Set down all of the data that follows word for word, without the images.

Start of Material provided

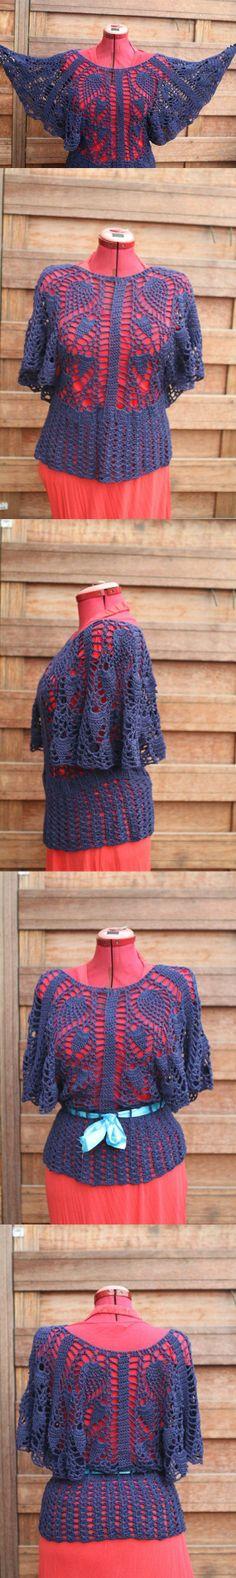 Crochet top,blue wide sleeved bamboo yarn, handmade size M / L : Blue lagoon. Crochet Cape, Crochet Shirt, Crochet Sweaters, Crochet Jacket, Crochet Cardigan, Knit Or Crochet, Easy Crochet, Crochet Clothes, Crochet Woman
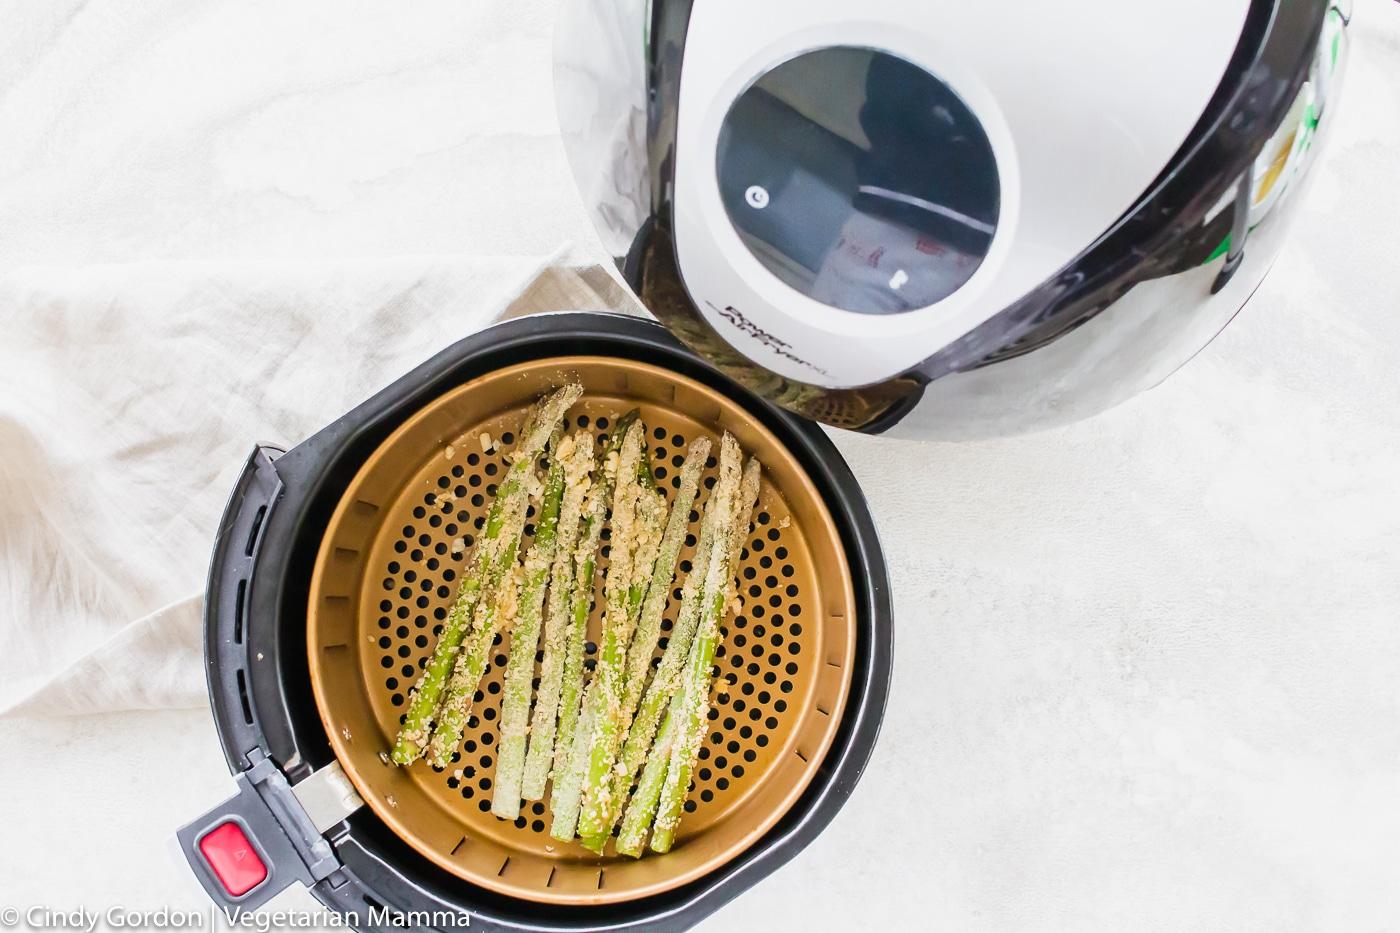 Crispy Asparagus in Air Fryer
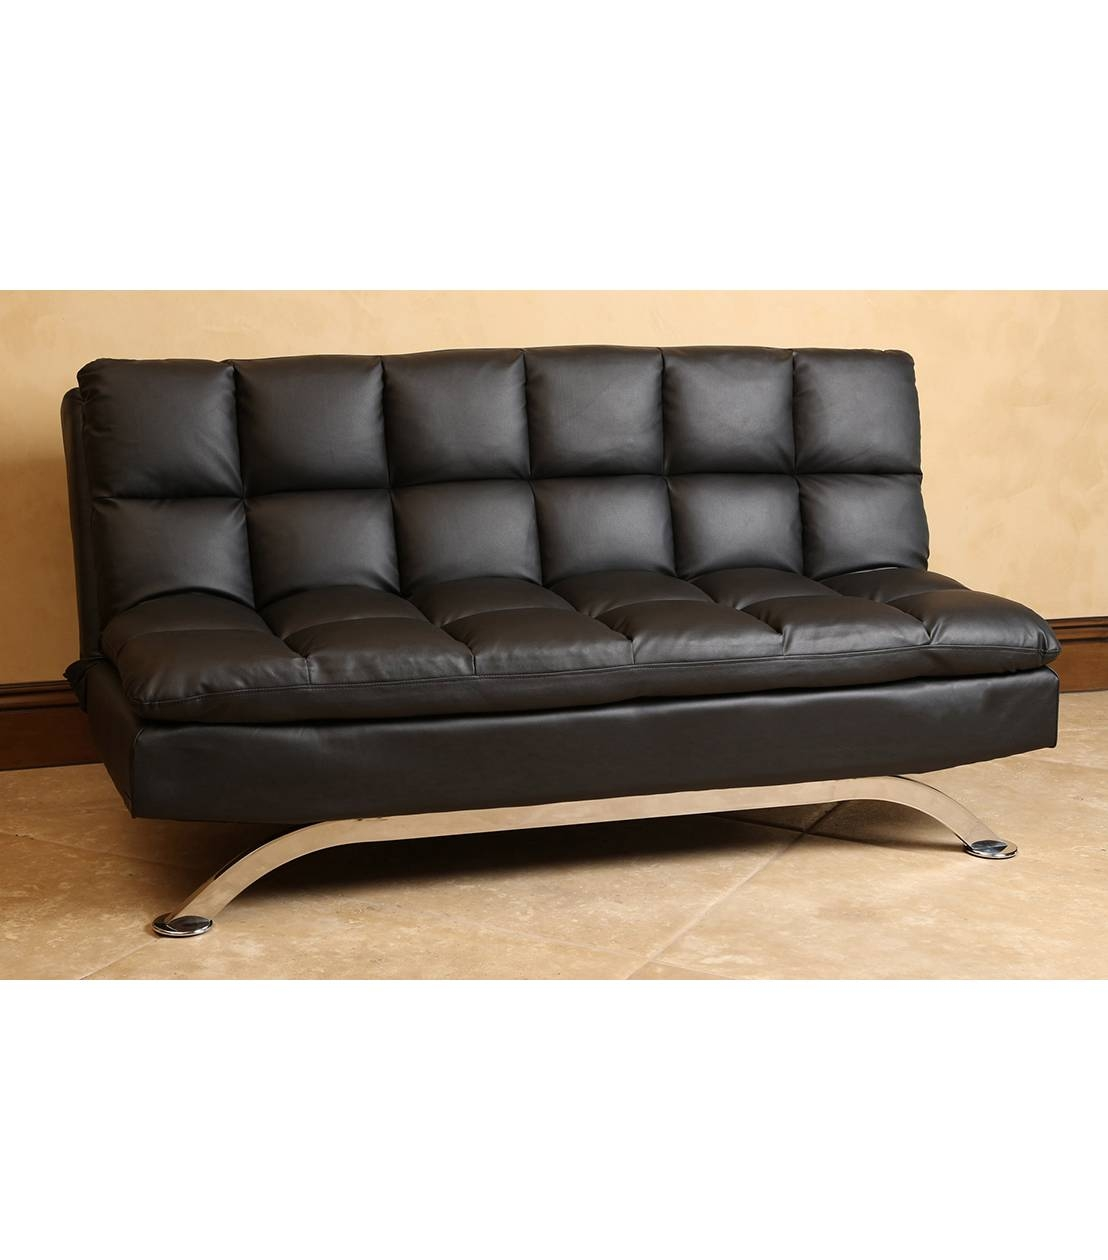 Futons : Vienna Leather Futon Sofa within Euro Lounger Sofa Beds (Image 9 of 15)
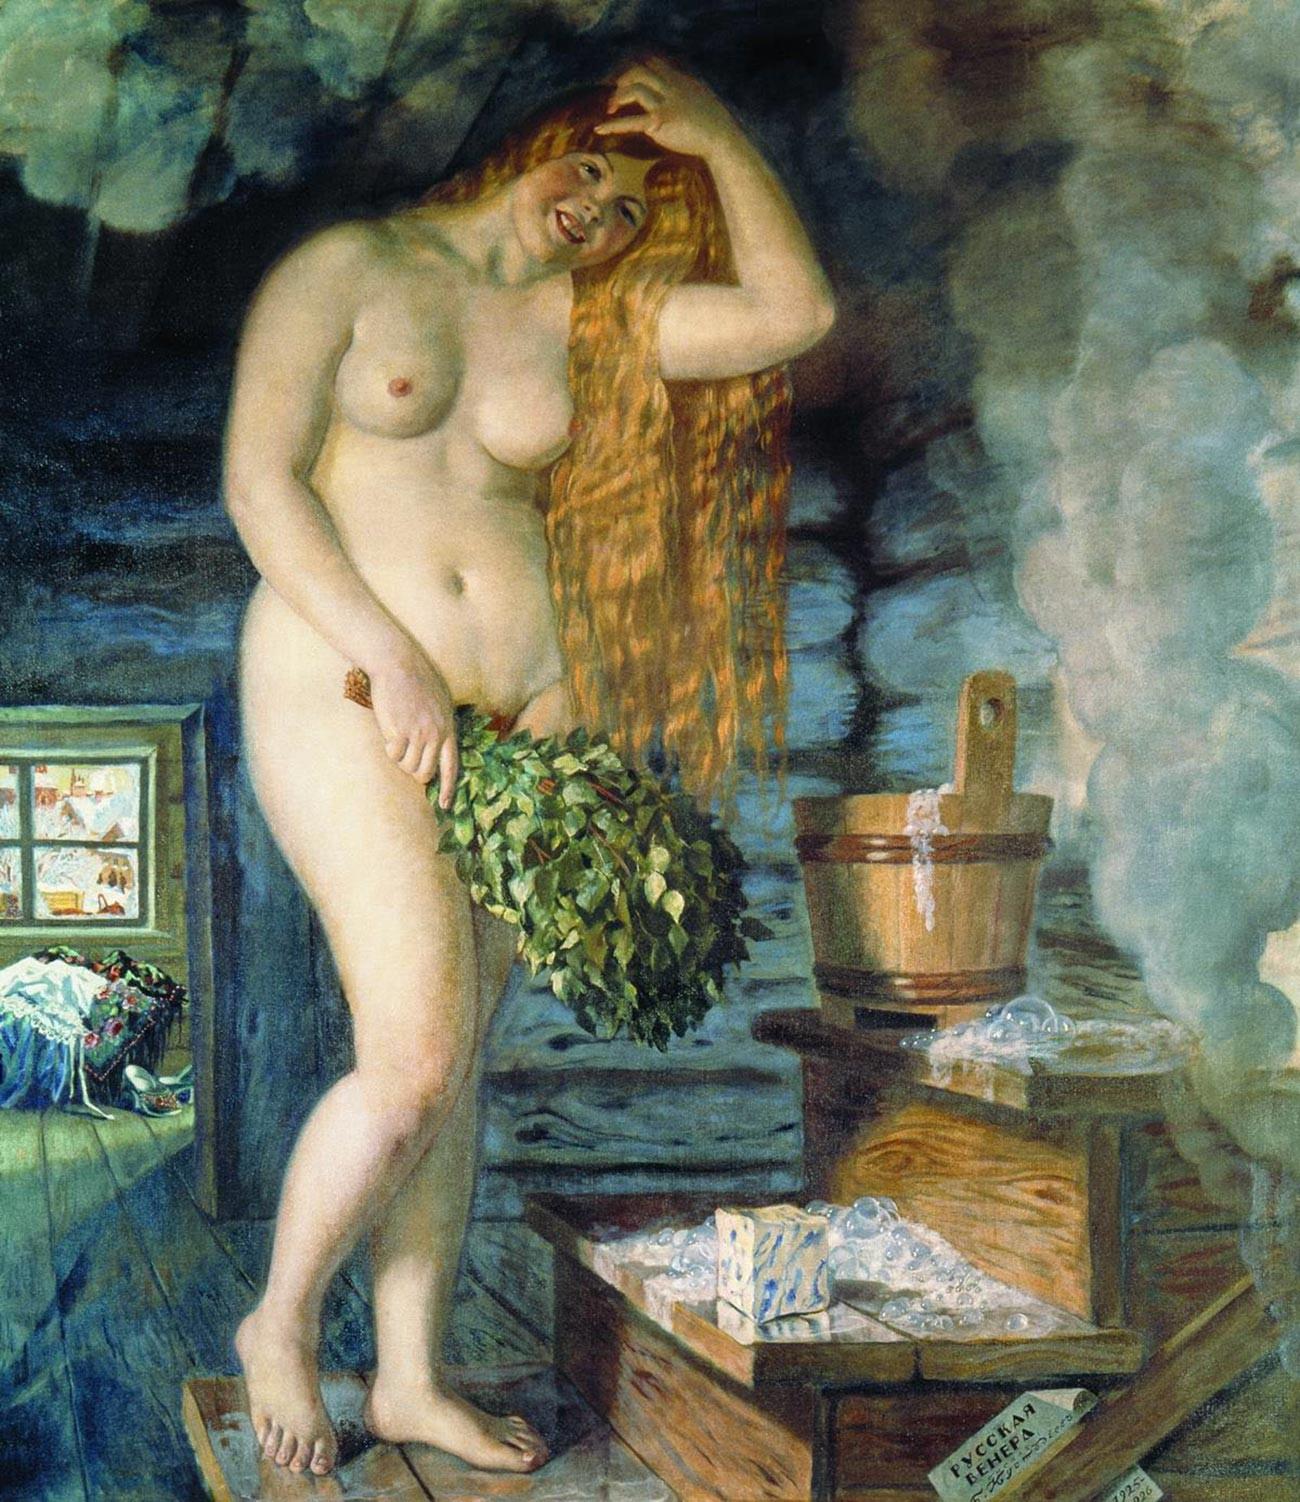 Russische Venus von Boris Kustodijew

End of Material provided

▶ _Reply to the task_:
 Crochet top,blue wide sleeved bamboo yarn, handmade size M / L : Blue lagoon. Crochet Cape, Crochet Shirt, Crochet Sweaters, Crochet Jacket, Crochet Cardigan, Knit Or Crochet, Easy Crochet, Crochet Clothes, Crochet Woman
 Crispy Asparagus in Air Fryer
 Futons : Vienna Leather Futon Sofa within Euro Lounger Sofa Beds (Image 9 of 15)
 Russische Venus von Boris Kustodijew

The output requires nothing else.